Setx | Condition | set True if last result |
---|---|---|
sete | ZF | =0 |
setne | ~ ZF | ≠ 0 \neq 0 =0 |
sets | SF | <0 |
setns | ~ SF | >=0 |
setg | ~ (SF ^ OF)& (~ ZF) | > (signed) |
setge | ~ (SF ^ OF) | >= (signed) |
setl | (SF ^ OF) | < (signed) |
setle | (SF ^ OF)| ZF | <= (signed) |
seta | ~CF & ~ZF | Above (unsiged) |
setb | CF | Below (unsigned) |
举例:
bool mycmp(long a,long b)
{
return a>b;
}
mycmp:
movl 8(%esp), %eax
cmpl %eax, 4(%esp)
setg %al
#movzbq %al, %eax #move with zero extension byte to quad
ret
x86-64’s(AMD)weird quirks
If result is 32 bits,remaining 32 bits will be zeroed,but other-length data type instruction won’t.

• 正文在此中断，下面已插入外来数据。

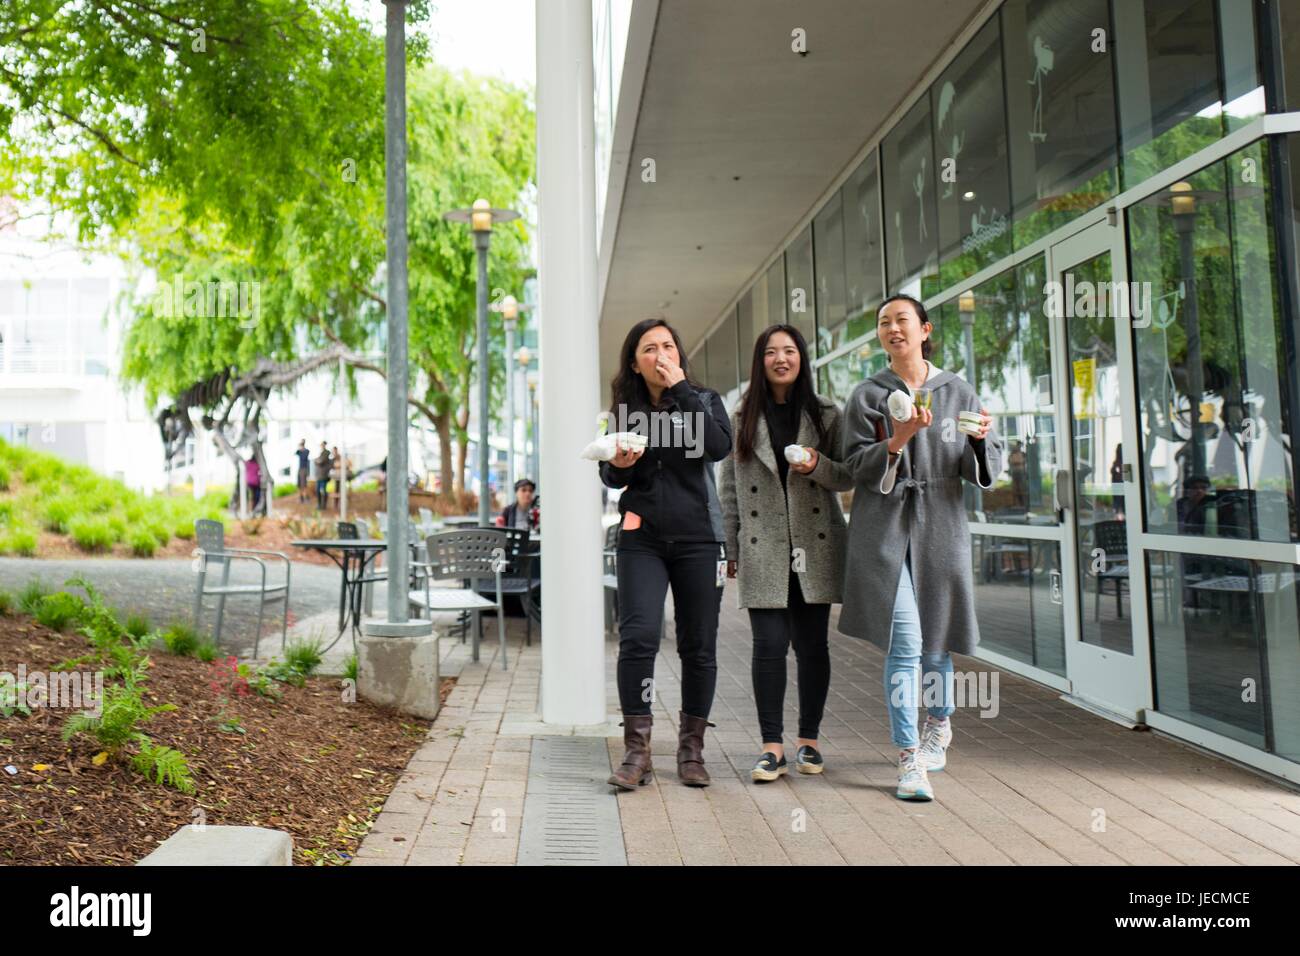 Three young, millennial age female tech workers walk and hold lunch foods at the Googleplex, headquarters of Google Inc in the Silicon Valley town of Mountain View, California, April 7, 2017. Diversity is a major topic in Silicon Valley, especially the inclusion of more women in technology jobs. Stock Photo

jmp、je、jne、js、jns、jg、jge、jl、jle、ja、jb, same as setX.
举例:
long abs(long x,long y)
{
long result;
if(x>y)
result = x-y;
else
result = y-x;
return result;
}
>gcc -Og -S -fno-if-conversion test.cpp
abs: # only exist in assembly code,changing into address in object code
movl 4(%esp), %edx #x
movl 8(%esp), %eax #y
cmpl %eax, %edx # y, x
jg L14
subl %edx, %eax # y-x
ret
L14:
subl %eax, %edx # x-y
movl %edx, %eax
ret
指令重排:if-else两个分支结果都计算,最后再选择结果返回.
>gcc -Og -S test.cpp #去掉-fno-if-conversion,gcc 默认允许指令重排
abs:
movq %rdi, %rax #x
subq %rsi, %rax #x=x-y
movq %rsi, %rdx #y
subq %rdi, %rdx #y=y-x
cmpq %rsi, %rdi #x-y
cmovle %rdx, %rax #if(x<=y)ret(y-x)
ret #result in %rax
Why:Branches are very disruptive to instruction flow through pipelines,Wasteful but more efficient.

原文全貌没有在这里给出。